Open Eyes on Blindfold

in 12th Odesa International Film Festival

by Bojidar Manov

The 12th Odessa International Film Festival (12.OIFF, 14-21 August 2021) in its selection also presented a Ukrainian national program of 6 feature films and 8 shorts. Of course, this selection cannot give a full picture of contemporary Ukrainian cinema, which now annually produces about 20 feature films and more than 120 shorts (including student films). Therefore, a thorough analysis of the artistic and production processes based on a festival selection is not possible or at least would not be objective and adequate. 

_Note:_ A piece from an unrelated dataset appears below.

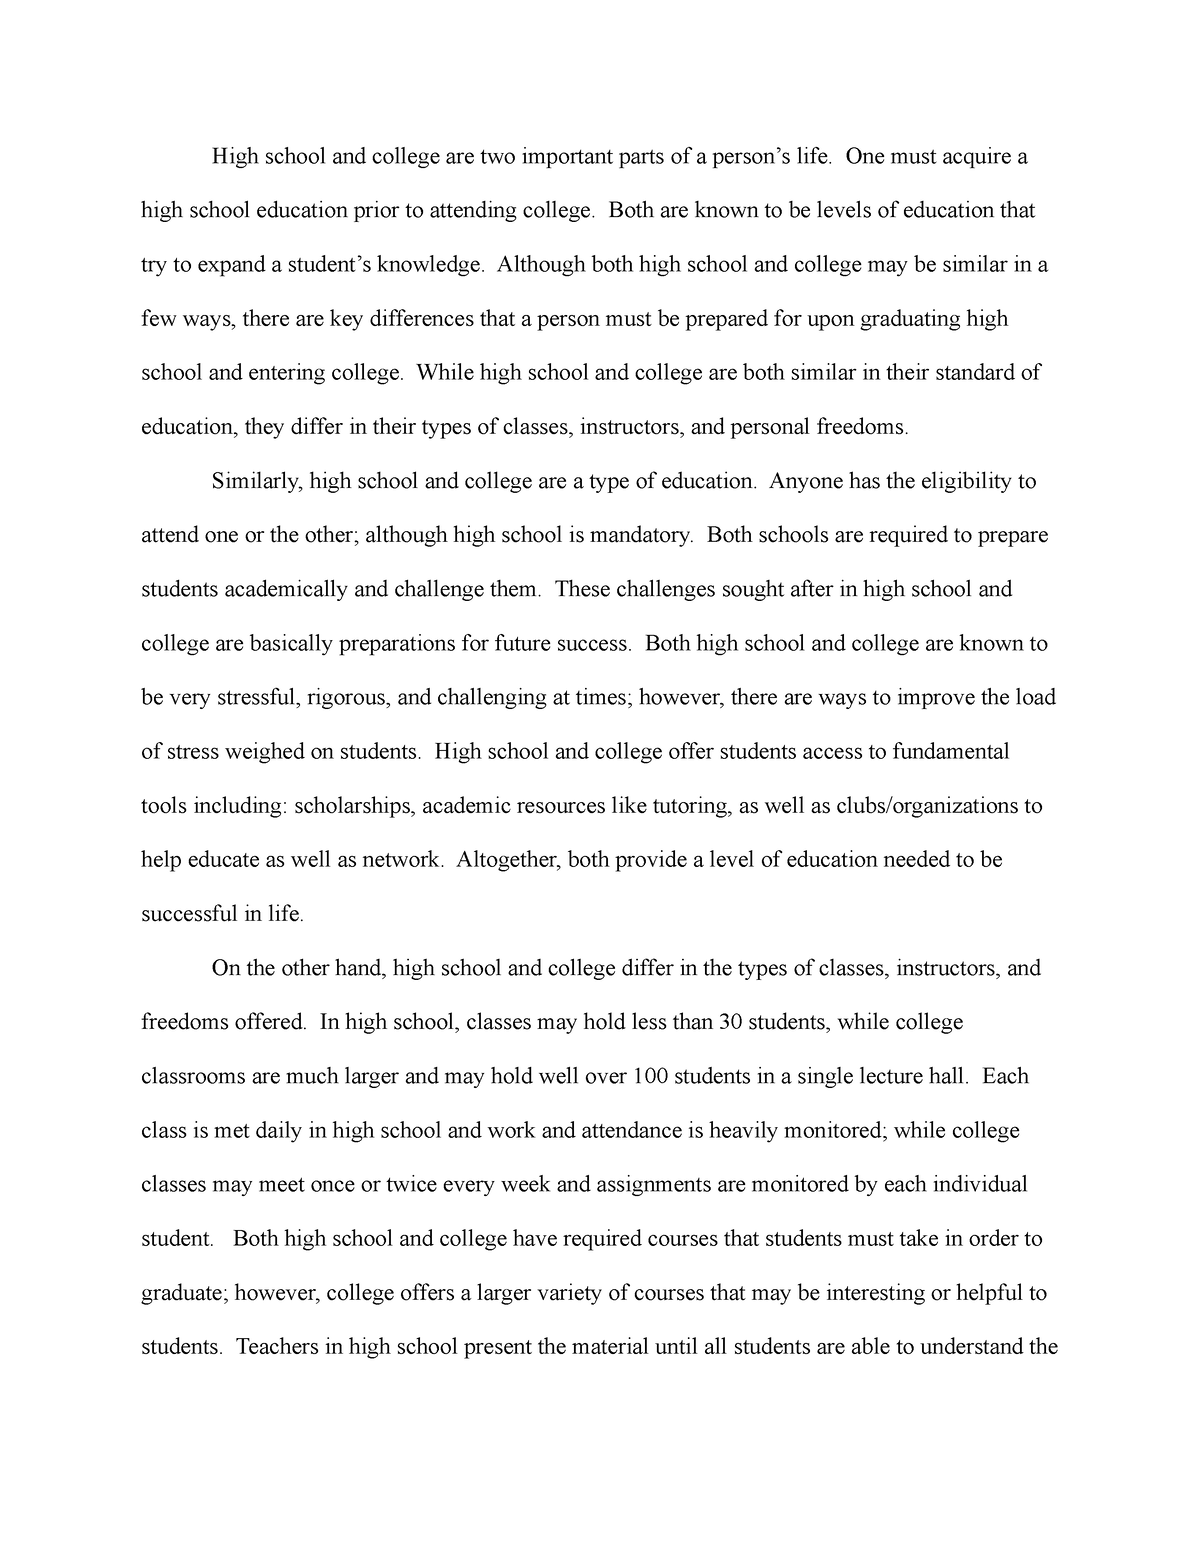 comparison contrast essay about college and high school
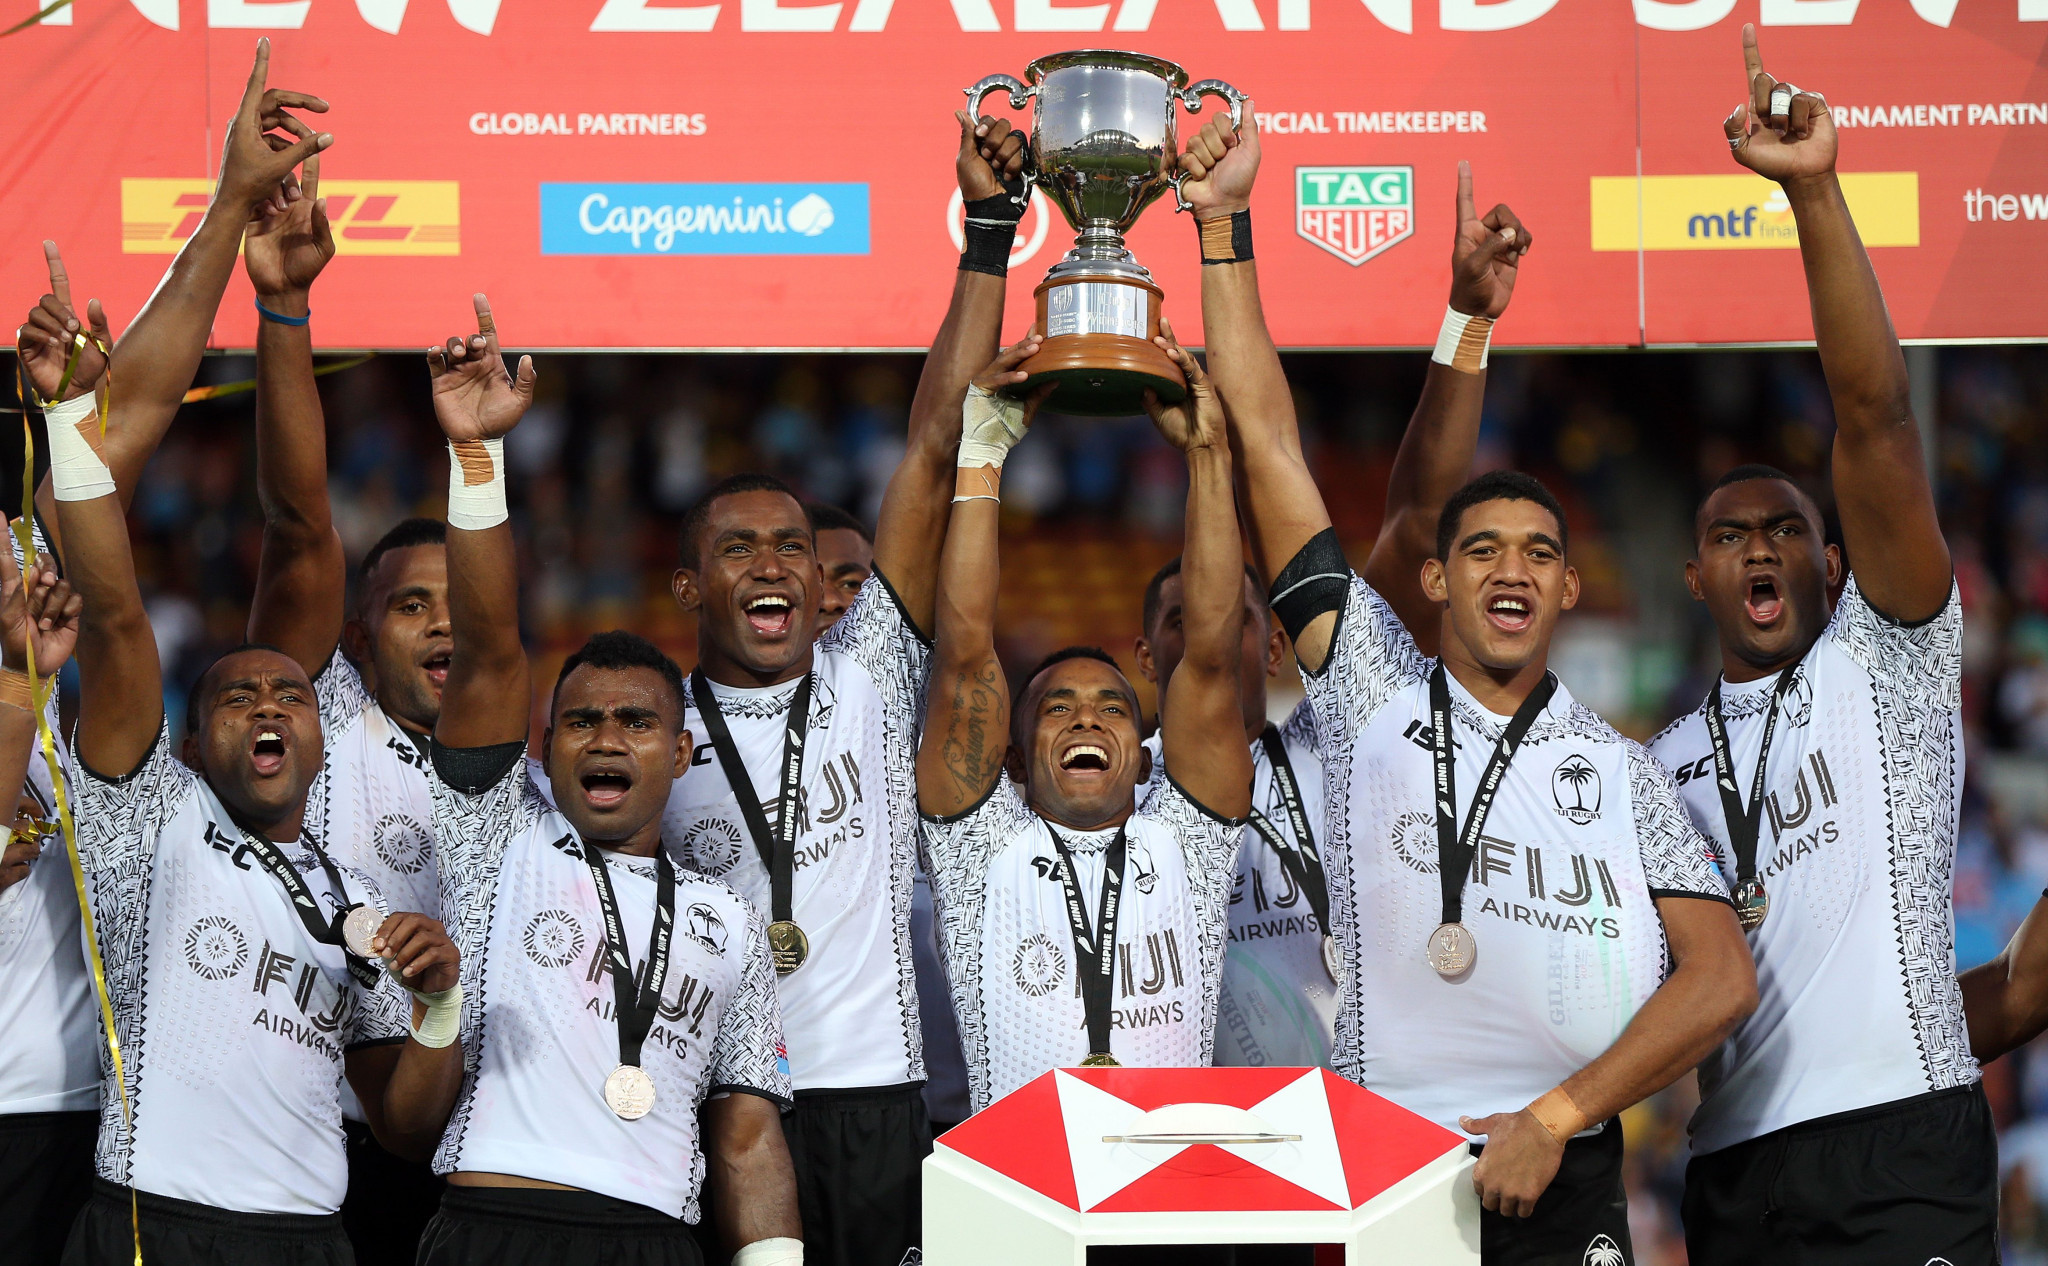 Fiji win World Rugby Seven Series in Hamilton as US finish as runners-up for third consecutive time

Thus, in such cases, I choose ‘my film’ from the selection and try to present its qualities as a creative fact from the director’s personal filmography of its author. And when in this case Blindfold (Iz zavyazanymy ochyma, Ukraine, 2020) is de facto a debut for director Taras Dron (1980), the look at the film is a kind of prediction for his creative development. Moreover, Blindfold is the first film, directed solely by Dron. Before that he co-directed with Mykhailo Khoma their joint debut DZIDZIO First Time (2018):  a comedy about an artist with the soul of a child and a childlike perspective on life, which catches him unprepared. Prior to that, Dron directed several shorts that won awards at international festivals (Black Mountain in 2016 and Kamienne chleby in 2017).

After the second extremely dramatic Maidan (2013-2014), the entire Ukrainian culture acquired both a strong conceptual impetus and a sharp thematic relevance, the film industry including. Moreover, at that time Ukraine became a member of the European Fund Eurimages and this circumstance had a positive effect both on the amount of national films produced and for a number of co-productions with European partners.

Blindfold is an enthralling dramatic film with a clear and well displayed narrative line. The young heroine of the film, Yulia (Maryna Koshkina) is a successful athlete in the harsh world of MMA fighters. But her fate is broken after her beloved Denys (also in the same profession), disappears without a trace during the war somewhere in eastern Ukraine and there has been no clear sign of his fate for more than two years. This is a hard blow to Yulia, but Denys’s mother still harbours hope that her son will return home. This well-built plot structure convincingly affects the audience in the first place with the strong psychological defence of the story. It is achieved both by the precise directing accents and, above all, by the dense acting presence of actress Maryna Koshkina. Her controlled on-screen behaviour maintains the credibility of conflict situations and wins the trust of the audience. And for such stories built on authentic details from reality, this is extremely important for the overall impact of the film, which would otherwise let down the audience’s expectations.

An important positive feature of Blindfold is the apparent attitude and the very well-measured solution, preferred by the director not to politicize the story unnecessarily, but to develop it with more psychological persuasion, without forgetting the plot ground as an important social and political premise.

At the same time, Taras Dron’s desire to address the message towards a wider audience is obvious, especially to the younger ones. In this sense, the episodes of brutal violence in MMA fights in the octagon are plot-justified, but are also definitely compromised in terms of artistic purity. (Besides, the abbreviation MMA itself, i.e. Mixed Martial Arts is a logical nonsense, as long as the bloody fierce battles are very far from art, understood in its general sense)!

However, the long history of cinema shows that notably in emphatically story-based films such compromises are common and always in the interest of the wider audience. And in this respect, Blindfold definitely achieves the planned director’s goal.